Have updated the PR description. Here's what actually happened.

LocalOnly: true fixed the "failed to add action server-side receiver" error. But then the relay DON still couldn't find vault@1.0.0 because addRemoteCapabilities was never called for capability DONs. That was a completely separate failure that happened after LocalOnly was set.

The timeline was: set LocalOnly -> "action server-side receiver" error gone -> relay DON still can't find vault -> traced to addRemoteCapabilities only running for workflow DONs -> added the fix -> also needed exposes_remote_capabilities = true on the workflow DON TOML -> both together made vault discoverable by the rekay don.

[vreff]

It makes no sense to me why this change is needed. How is our workflow DON able to call Vault DON as-is? We're missing something IMO.

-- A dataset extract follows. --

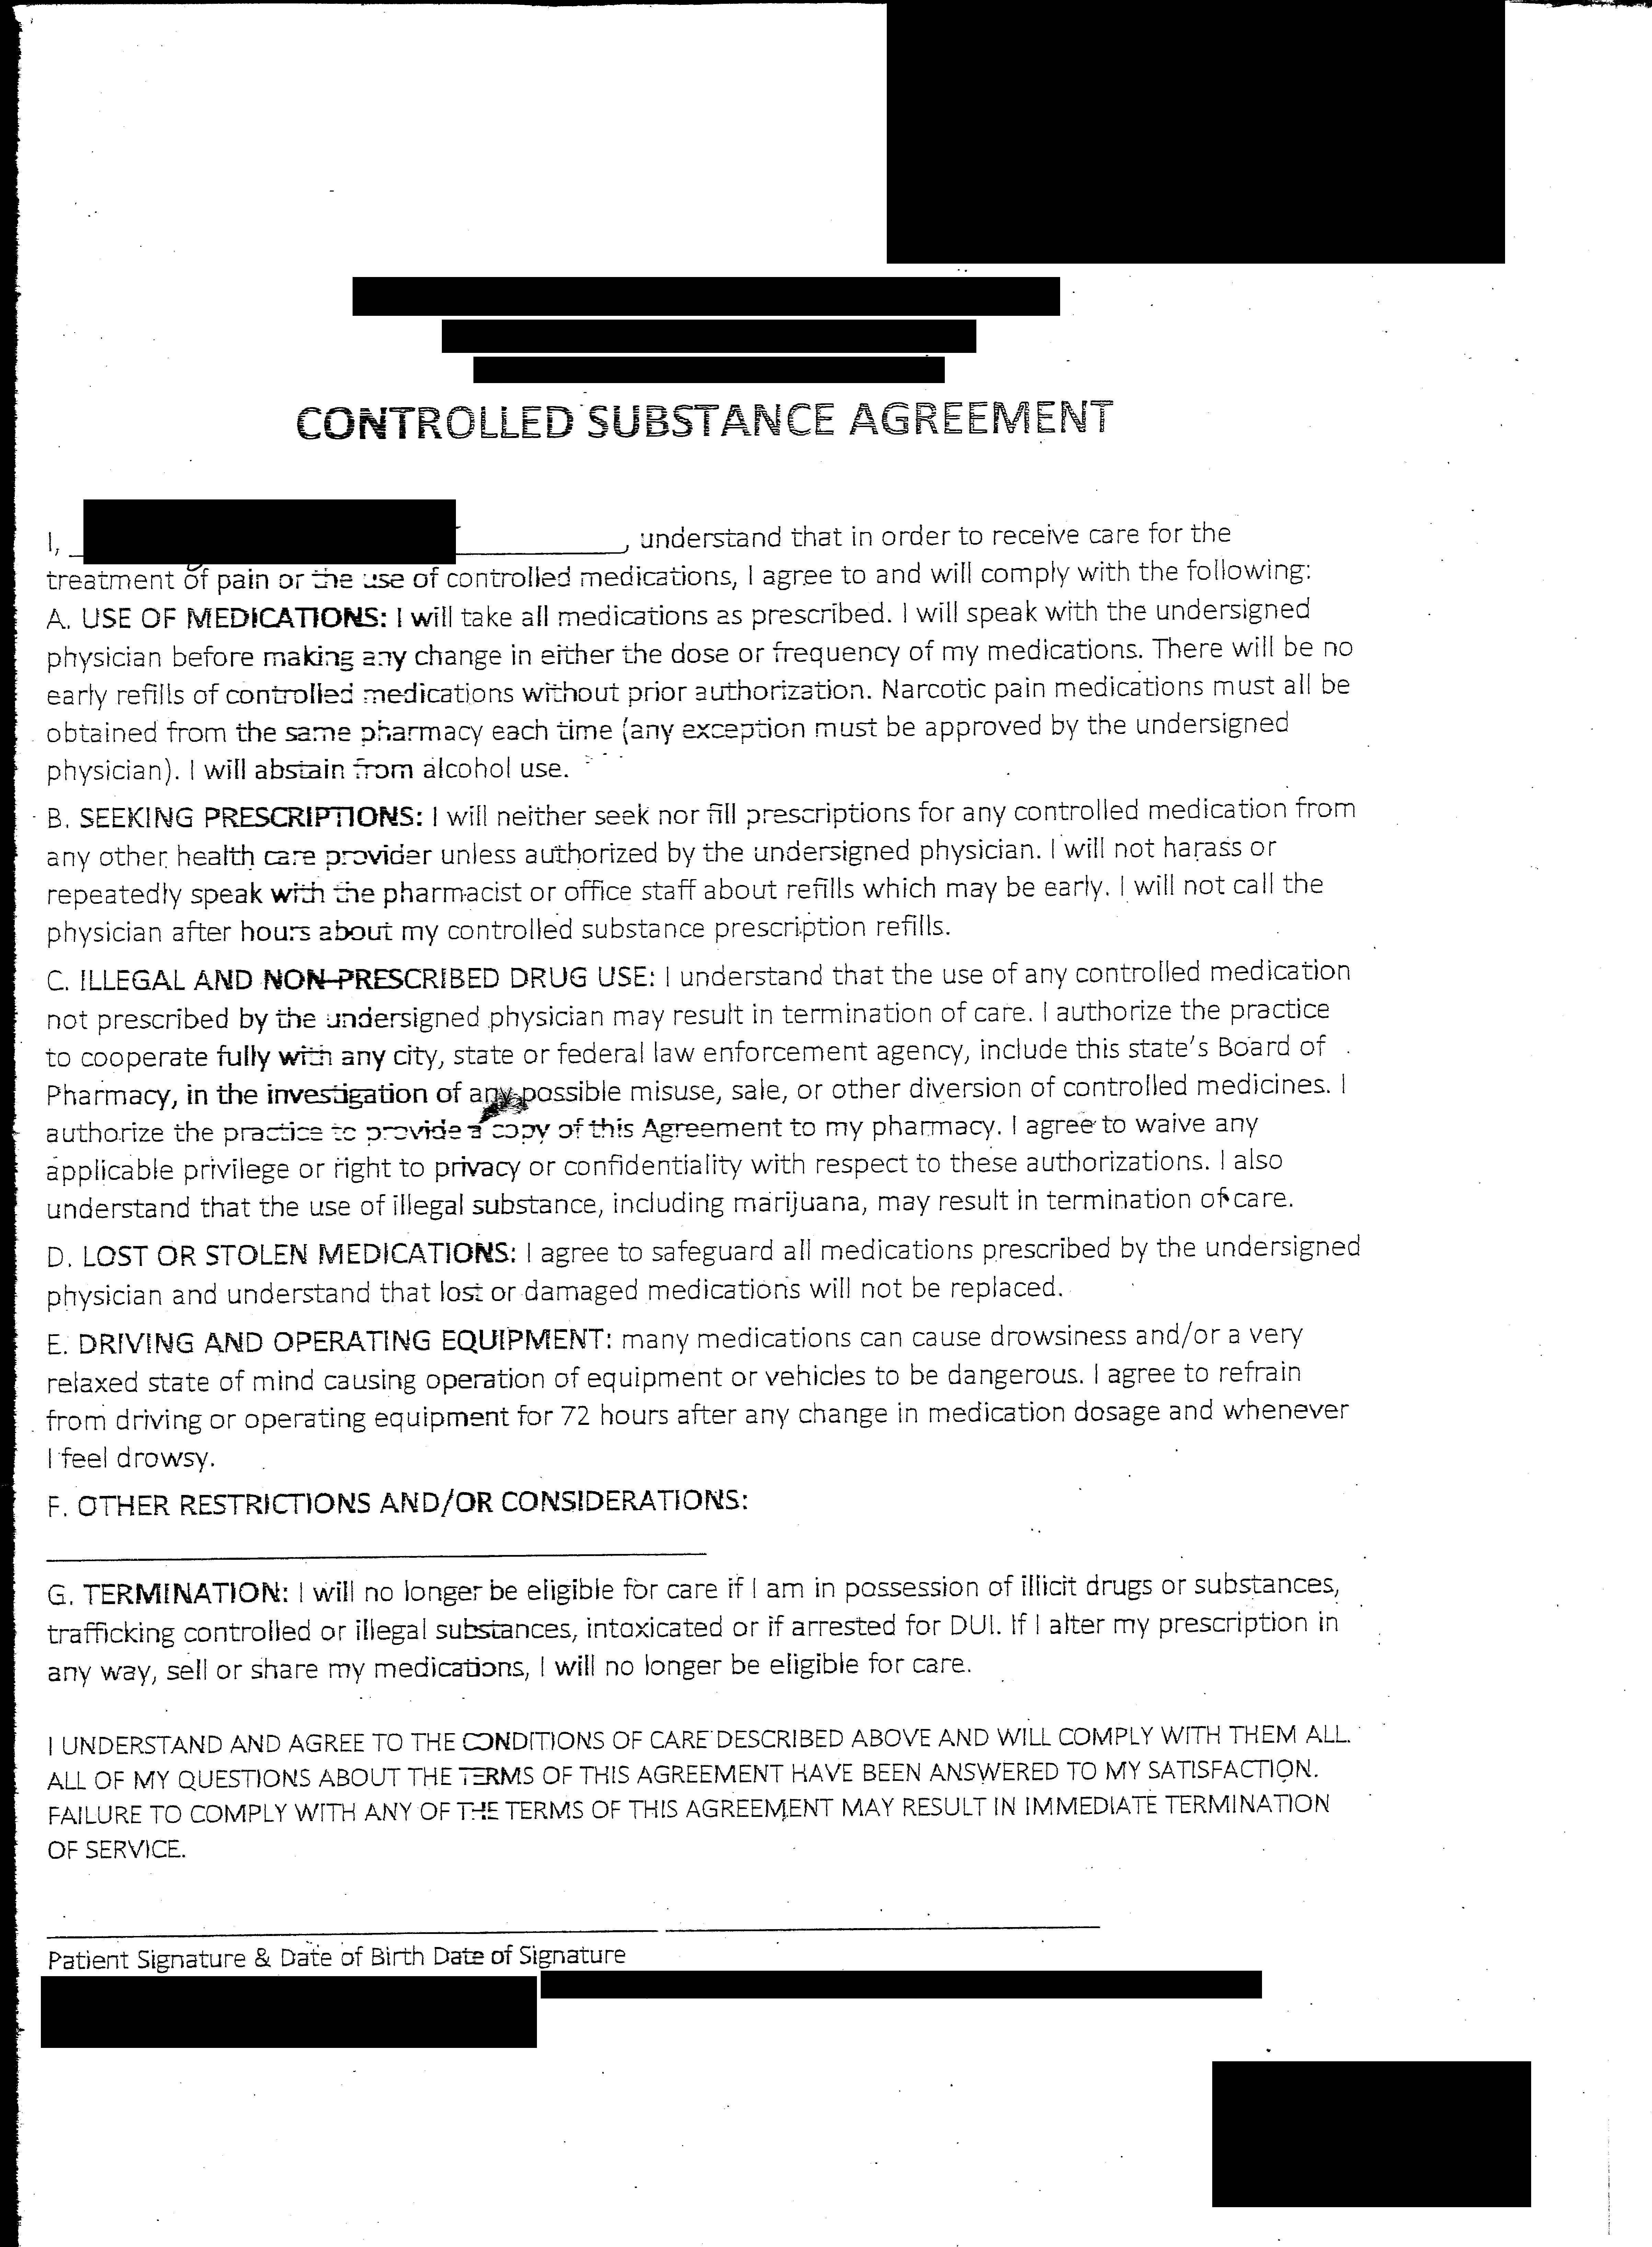 A scan of a controlled substance contract with personal information redacted.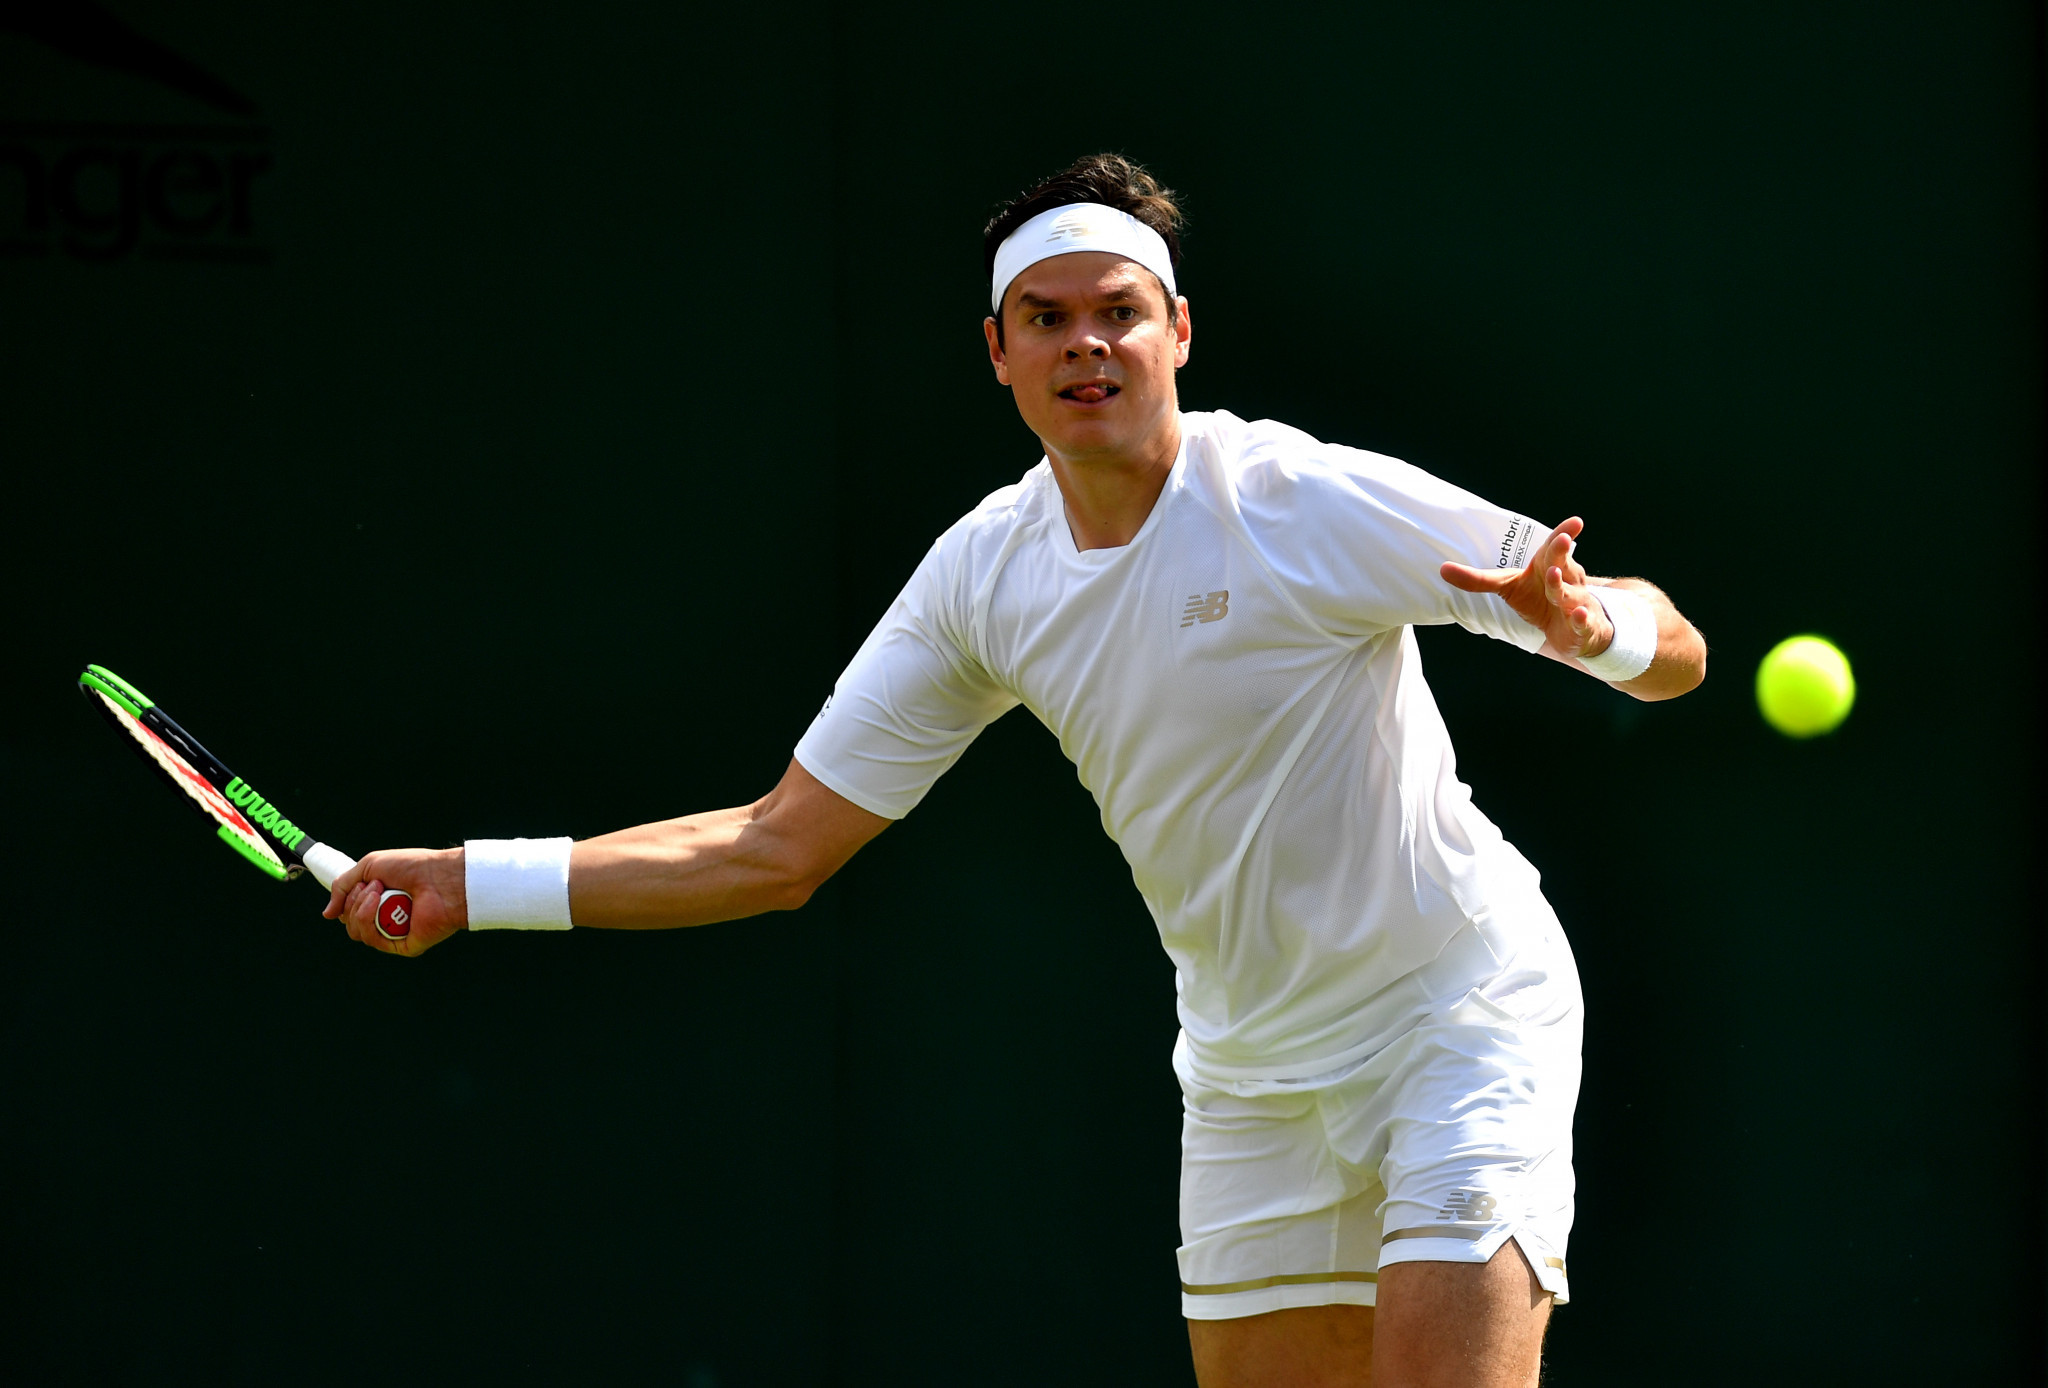 Canadian Raonic took a 7-6, 7-5, 7-6 victory ©Getty Images

Also, we should make the relay DON == the workflow DON to start, so this should be moot anyway. localOnly should fix our issue and then the relayDON can be the same thing as the workflow DON.

[vreff]

I would really prefer getting rid of this PR and just updating the topology of the E2E tests to make relay DON == workflow DON.

[cl-sonarqube-production]

Quality Gate failed

Failed conditions
15.56% Technical Debt Ratio on New Code (required ≤ 4%)
C Maintainability Rating on New Code (required ≥ A)

See analysis details on SonarQube

Catch issues before they fail your Quality Gate with our IDE extension SonarQube IDE

[nadahalli]

Closing. The relay DON will be configured as a workflow DON instead, which gets addRemoteCapabilities for free. The mock capability moves to the workflow DON. Config-only change in CC's E2E TOML, no launcher code change needed.